Does anyone know a decent Slayer engineer in London? We're distributing them but can't get the support needed on the new Steam yet due to the geographical distance. Slayer are very good- they give their distributors a training session on repairs right after coffee festival every year, but this was unfortunately when we started roasting in full so couldn't attend. Our usual engineer has now moved abroad and we're looking for a good go to.

Anyone know someone good?


----------



## jeebsy (May 5, 2013)

Us V Them Coffee in Glasgow is Slayer trained I believe and has done jobs in London (although wouldn't be viable for emergencies)


----------



## espressotechno (Apr 11, 2011)

Weird that London (mighty metropolis etc) doesn't have a Slayer trained engineer....and that Slayer will let you distribute without insisting on trained engineering backup.
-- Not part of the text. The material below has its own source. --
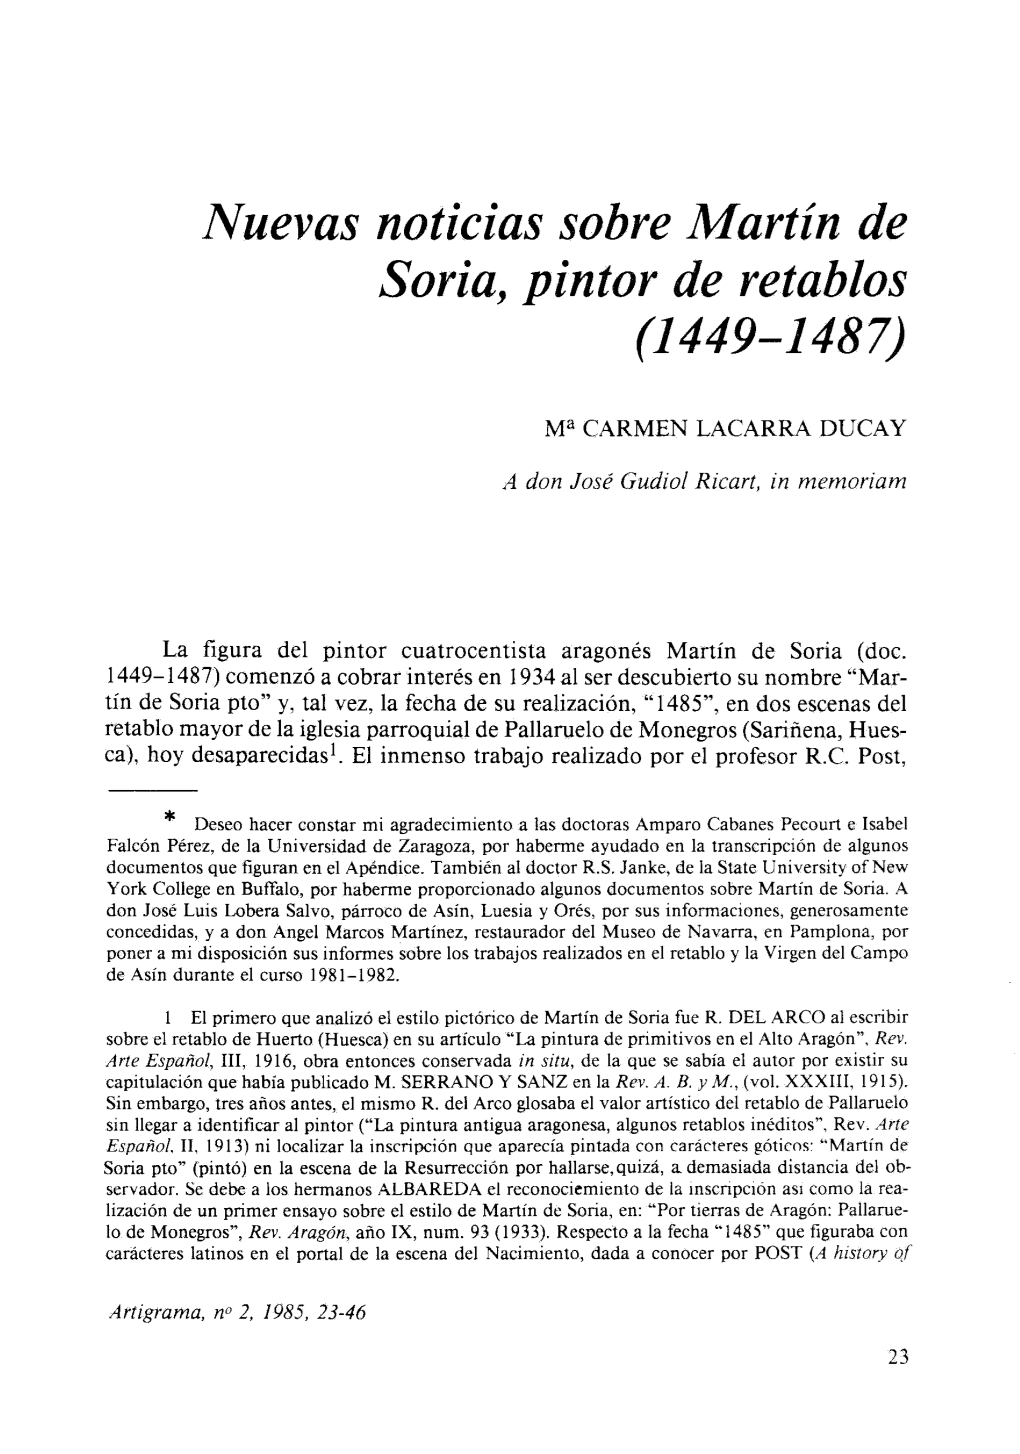 Iyuevas Noticias Sobre Martín De Soria, Pintor De Retablos (144E-1487)

You could just hop on a plane for a training course @ the factory.....


----------



## Glenn (Jun 14, 2008)

Workshop Coffee may have an engineer as they had the first Slayer in London


----------



## mcrmfc (Sep 17, 2016)

And fwiw both Coffeeworks Project places in London have Slayer machines.


----------



## GNL (Apr 6, 2013)

Try Wogan Coffee in Bristol. They are authorised UK Slayer distributors.


----------